O progresso da medicina, capaz de realizar o sonho da maternidade e da paternidade àqueles que por vias naturais são impossibilitados, e ainda mais inusitado, mesmo após o falecimento do marido, não pode trazer a consequência de gerar um filho sem o fundamental direito da herança, fazendo-o privado da convivência do pai e das condições que poderão garantir sua existência digna, seu mínimo existencial, composto pelos bens materiais.

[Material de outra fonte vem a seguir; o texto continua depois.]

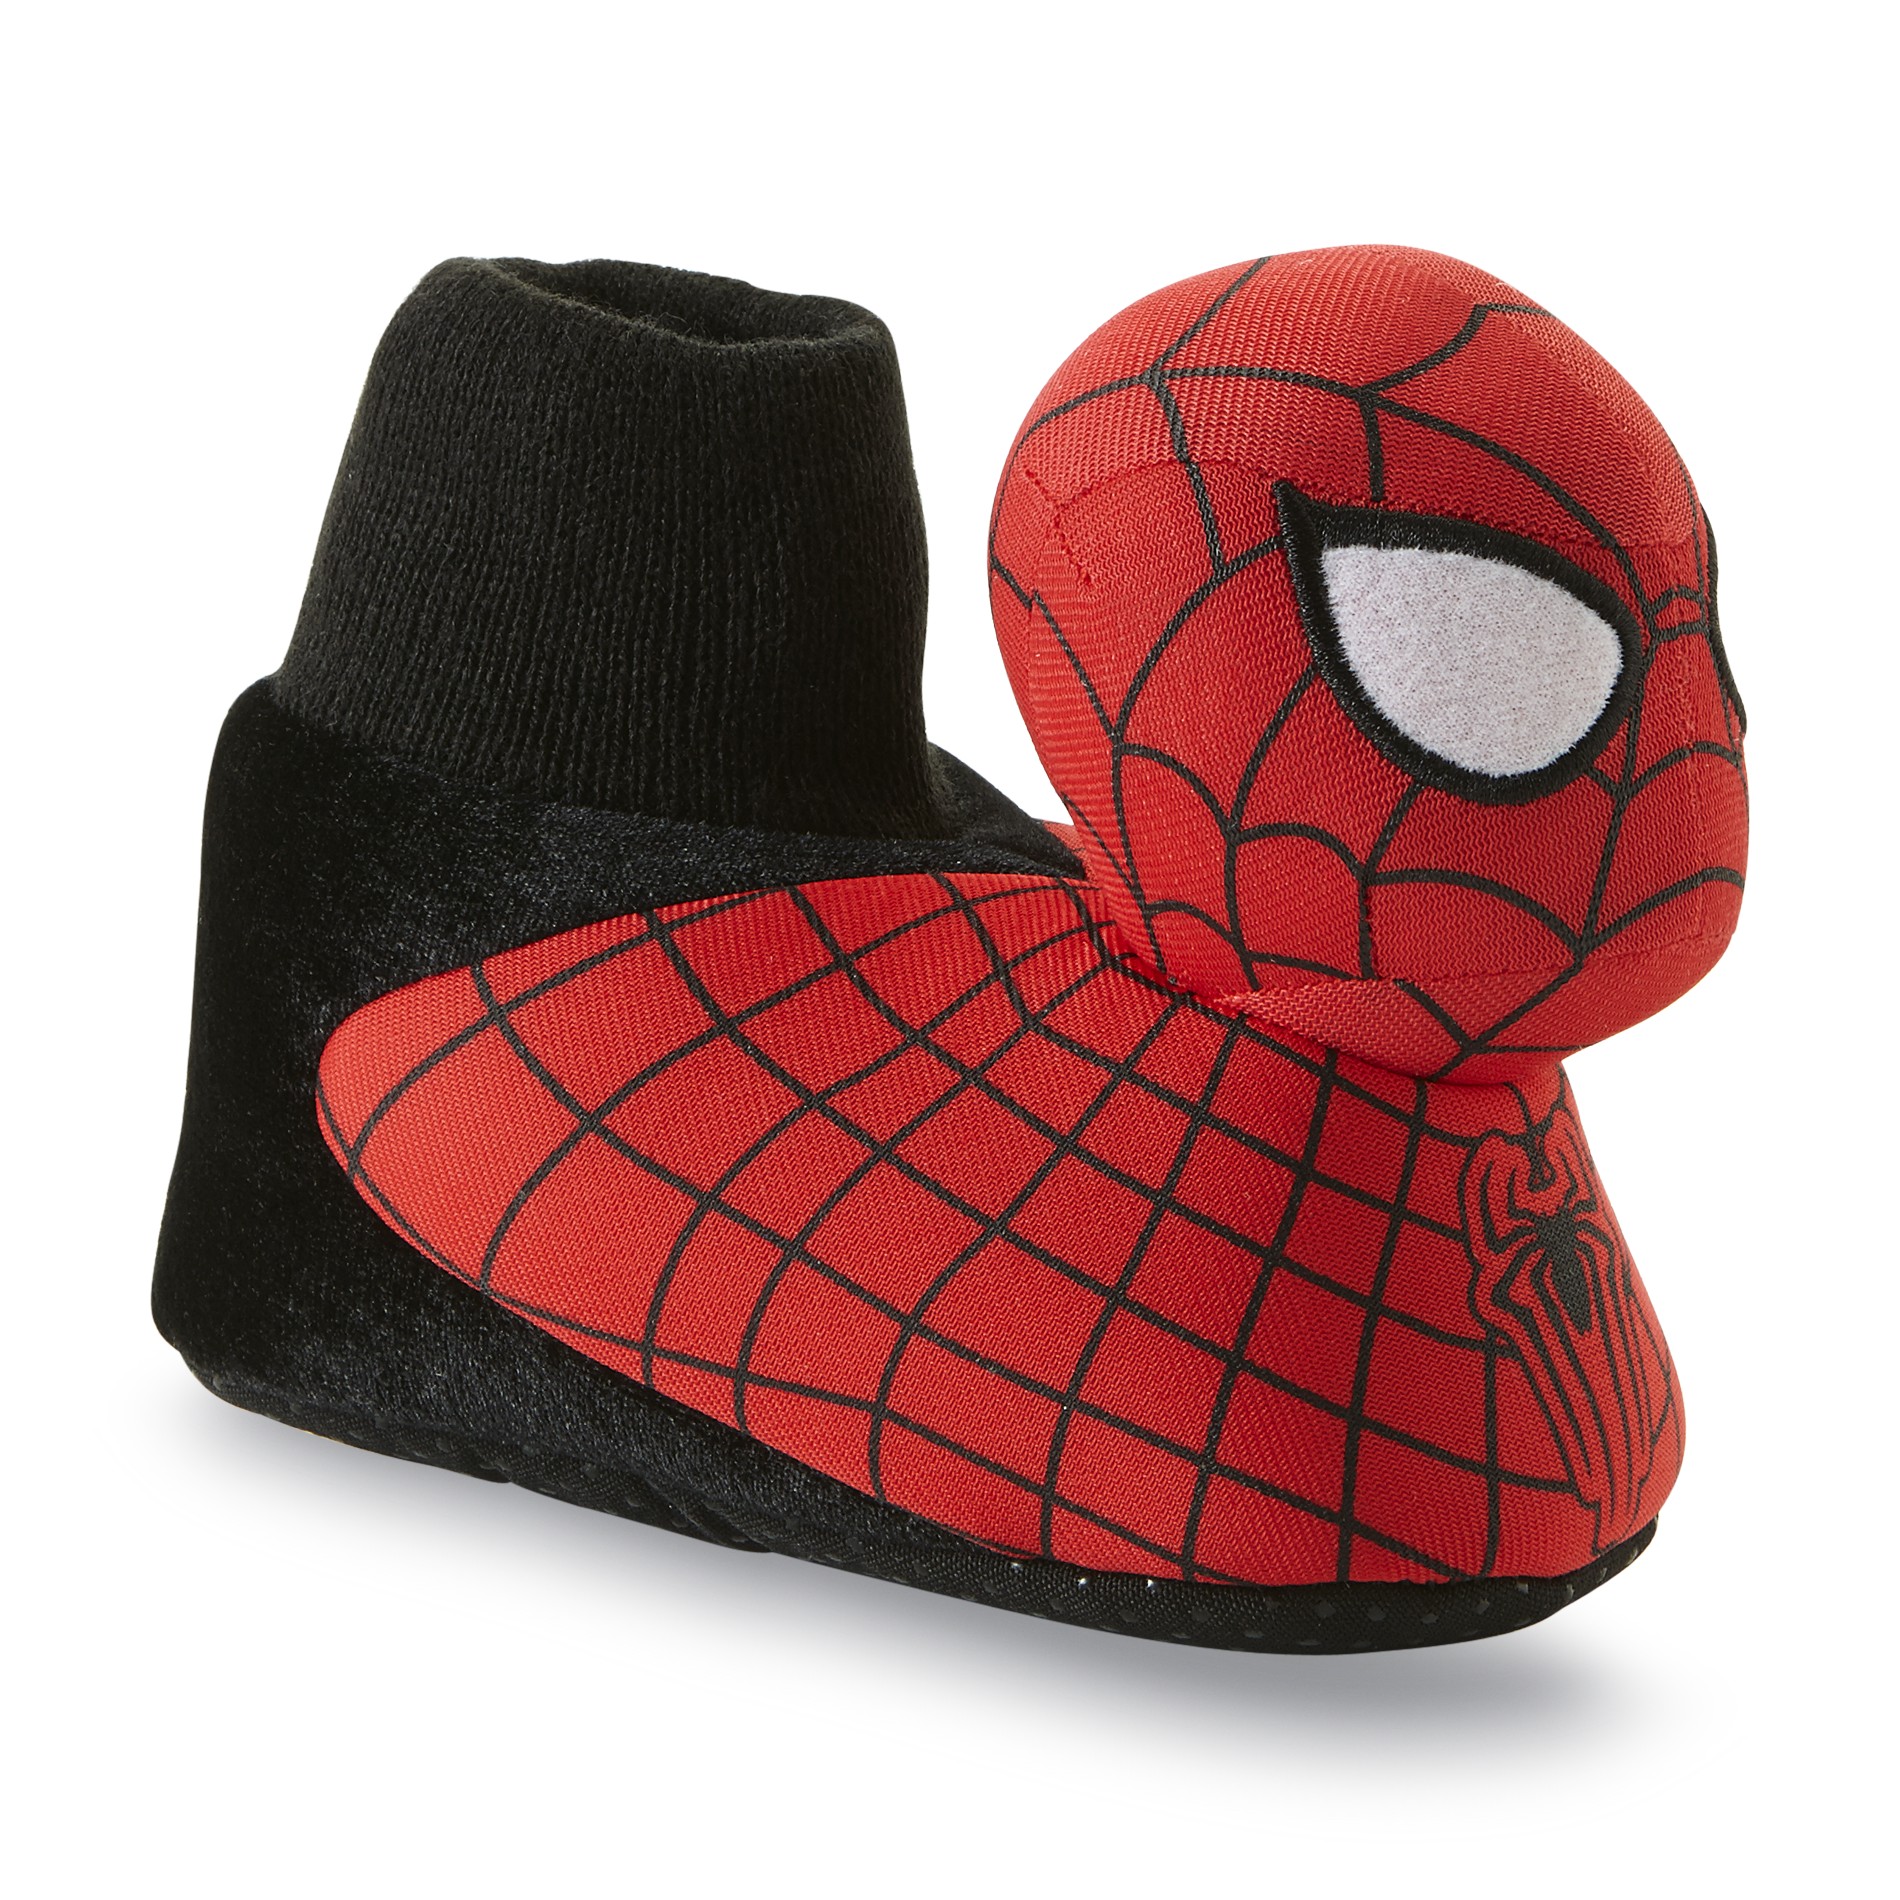 Marvel Toddler Boy's Red/Black Slipper - Spider-Man

Se a legislação atual é omissa quanto a esses direitos ou mesmo contraditória, apresentando dispositivos conflitantes, devemos analisar o ordenamento jurídico como um todo, não permitindo tratamento desigual entre os filhos, sejam eles concebidos em vida ou “post mortem”.
Na falta de legislação que garanta tais direitos, cabe aos doutrinadores investigarem a realidade e as novas situações impostas pelo mundo moderno, na busca da solução que pode ser encontrada dentro do próprio ordenamento jurídico, que supre lacunas existentes ou harmoniza aparentes conflitos de normas e aos operadores do Direito, que em atitude de vanguarda, devem provocar o judiciário, para a obtenção na prática da garantia positivada, conforme insculpido na carta Magna em seu artigo 5º, XXXV, “ a lei não excluirá da apreciação do Poder Judiciário lesão ou ameaça de direito”.
Contudo, outros questionamentos surgem, pois as técnicas modernas de reprodução assistida, sem controle legal, acabam por desrespeitar regras éticas, e um contingente de embriões, confinados “in vitro”, sem supervisão, constituem verdadeiro arsenal de seres humanos congelados, presos indefinidamente, ou sem nenhum controle, destinados ao comércio ou pesquisa científica, sendo-lhes negado os mais elementares direitos humanos: direito de nascer, de progredirem numa vida plena, com acolhimento familiar e desabrocharem para uma existência onde todos as expectativas possam ser realizadas, principalmente aquela, sob a qual funda-se a nação brasileira, a dignidade da pessoa humana.